Bond\ Order = \frac{1}{2}(N_{b}-N_{a})

Where N_{b}\ and N_{a} are the number of electrons occupying bonding orbitals and the number occupying the antibonding orbitals respectively.

 So, bond order for different molecules are:

N_{2} : The electronic configuration is (\sigma1s)^2(\sigma^*1s)^2(\sigma2s)^2(\sigma^*2s)^2(\pi2p_{x})^2(\pi2p_{y})^2(\sigma2p_{z})^2

Where, the number of bonding electrons N_{b} =10  and number of antibonding electrons, N_{a} =4

So, Bond order of nitrogen molecule = \frac{1}{2}(10-4) = 3

 

O_{2} : The electronic configuration is (\sigma1s)^2(\sigma^*1s)^2(\sigma2s)^2(\sigma^*2s)^2(\sigma2p_{z})^2(\pi2p_{x}^2\equiv \pi2p_{y}^2)(\pi^*2p_{x}^1\equiv \pi^*2p_{y}^1)

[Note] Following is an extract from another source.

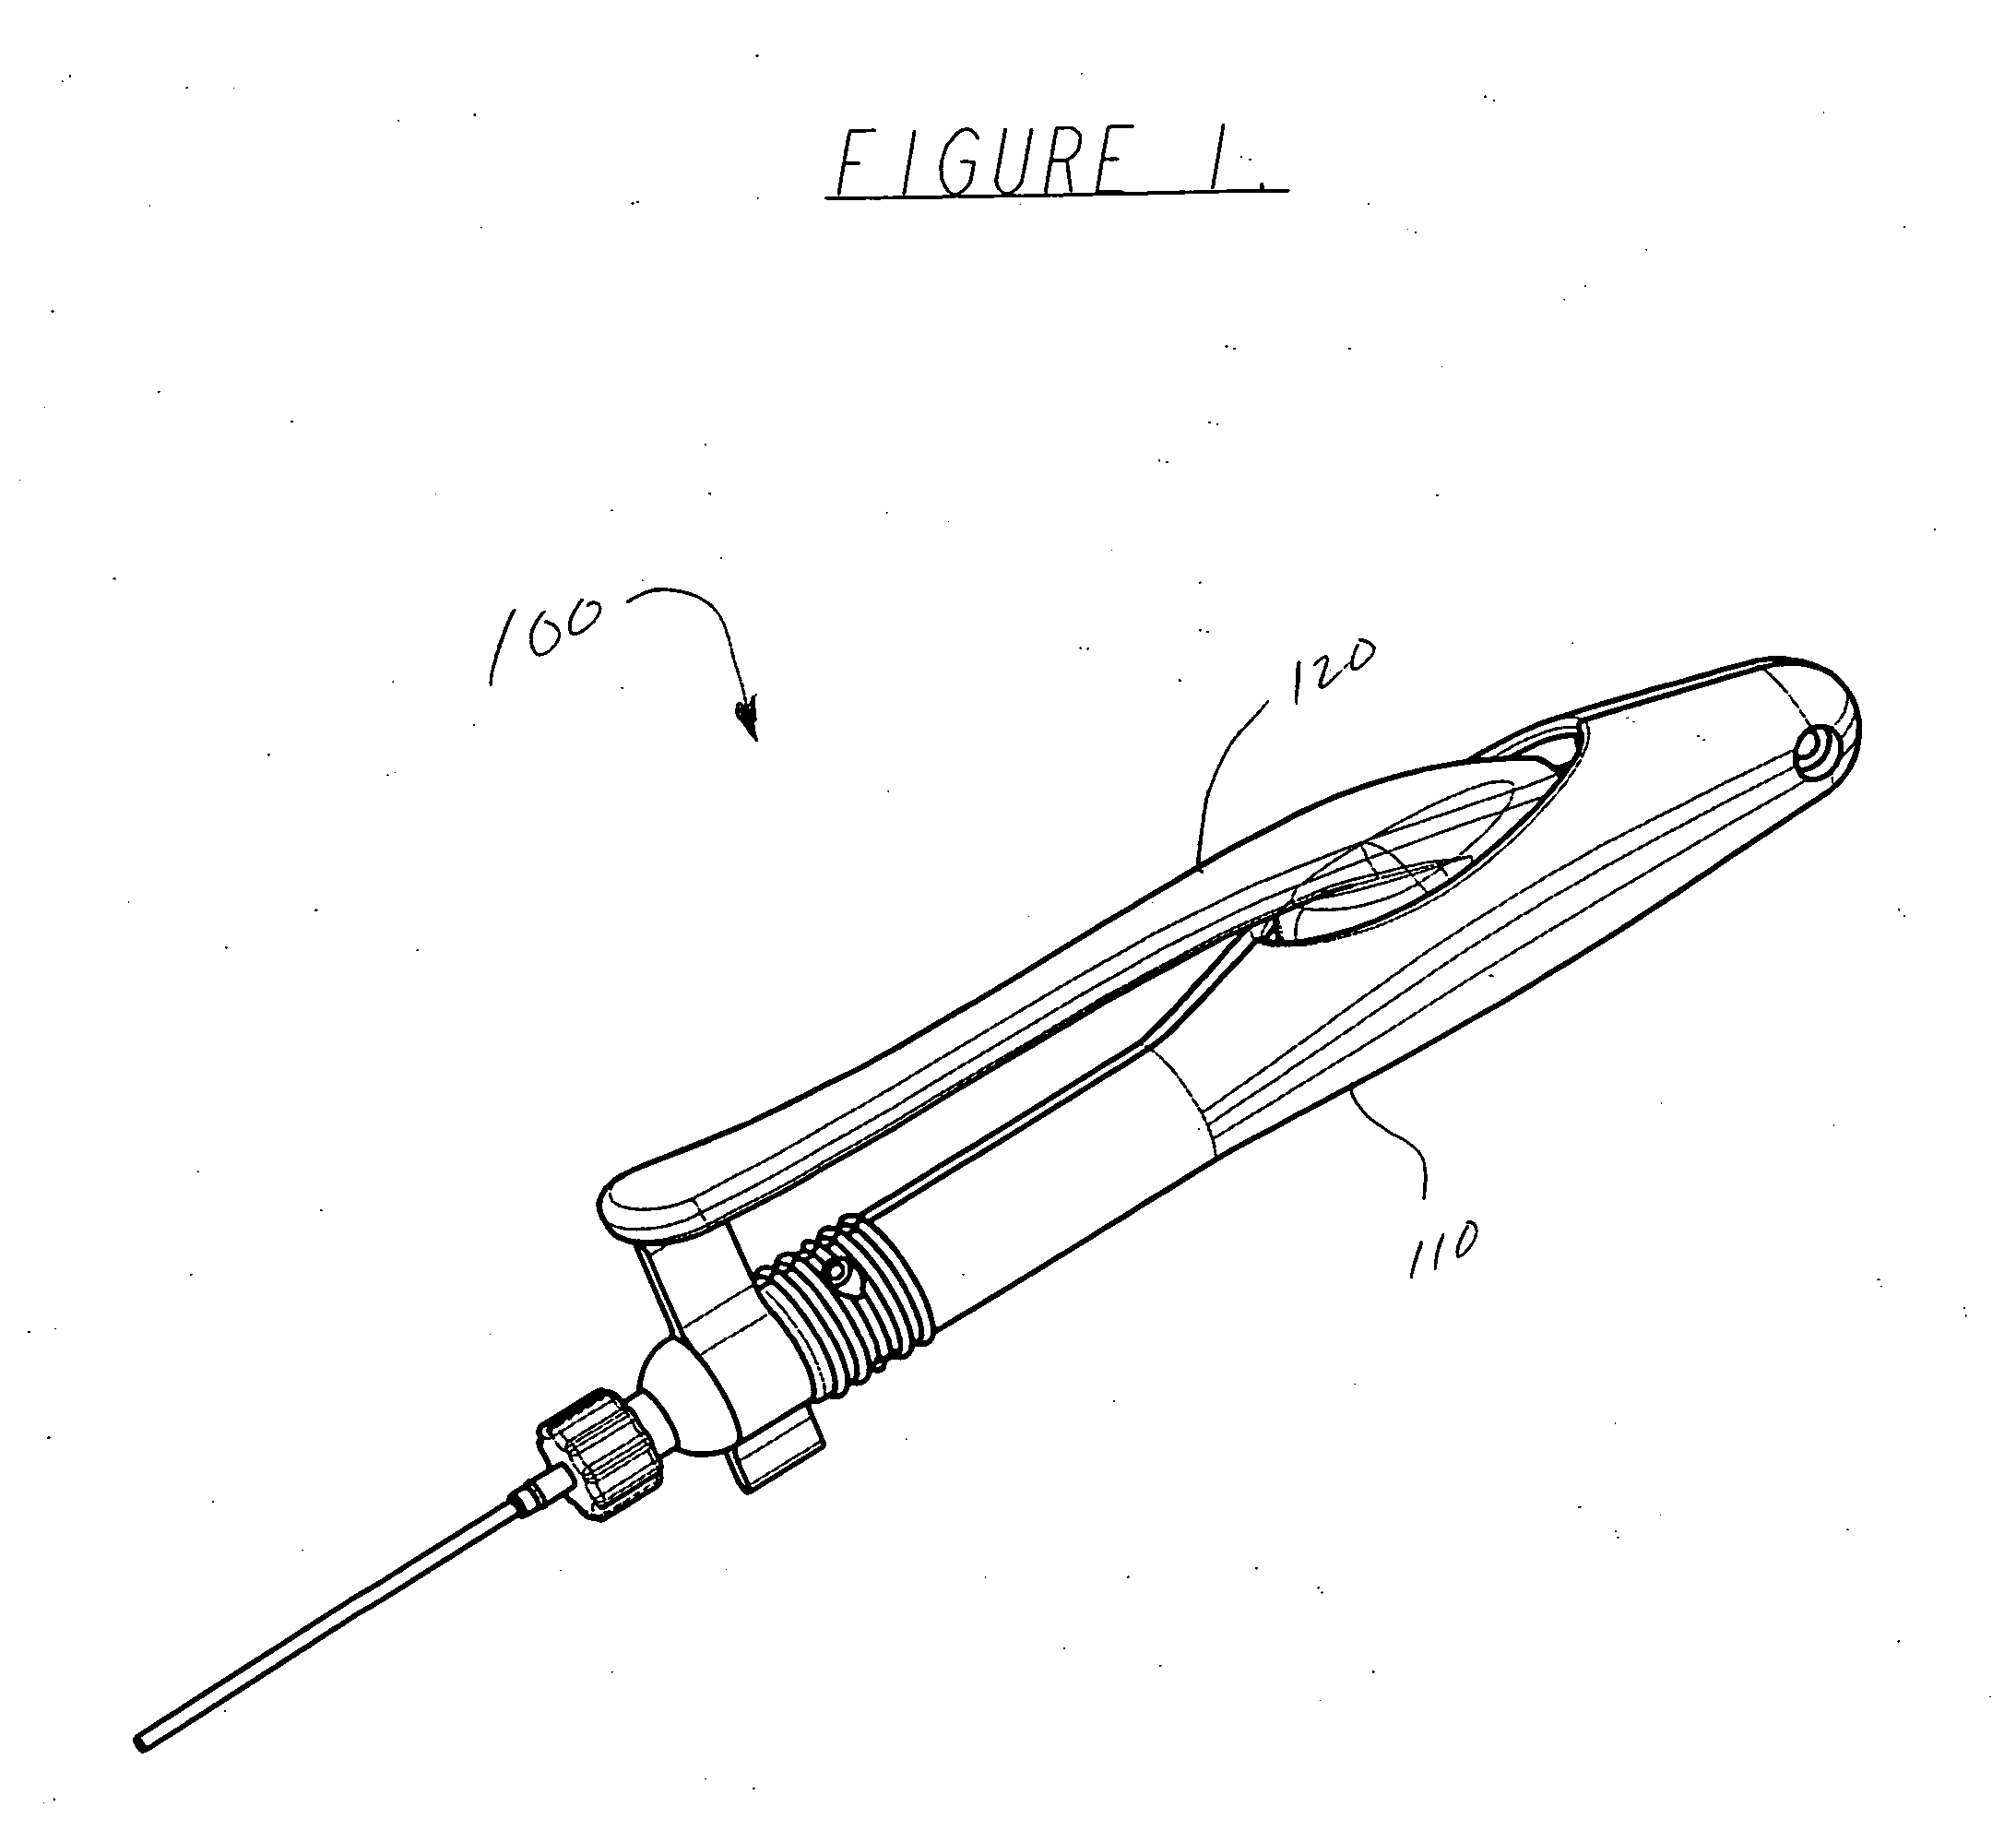 Applicators, dispensers and methods for mixing, dispensing and applying adhesive or sealant material and another material

Where, the number of bonding electrons N_{b} =10  and number of antibonding electrons, N_{a} =6

So, Bond order of nitrogen molecule = \frac{1}{2}(10-6) = 2

 

O_{2}^{+} : The electronic configuration is (\sigma1s)^2(\sigma^*1s)^2(\sigma2s)^2(\sigma^*2s)^2(\sigma2p_{z})^2(\pi2p_{x}^2\equiv \pi2p_{y}^2)(\pi^*2p_{x}^1)

Where, the number of bonding electrons N_{b} =8  and number of antibonding electrons, N_{a} =3

So, Bond order of O_{2}^{+} molecule = \frac{1}{2}(8-3) = 2.5

O_{2}^{-} : The electronic configuration is (\sigma1s)^2(\sigma^*1s)^2(\sigma2s)^2(\sigma^*2s)^2(\sigma2p_{z})^2(\pi2p_{x}^2\equiv \pi2p_{y}^2)(\pi^*2p_{x}^2 \equiv \pi^*2p_{y}^1 )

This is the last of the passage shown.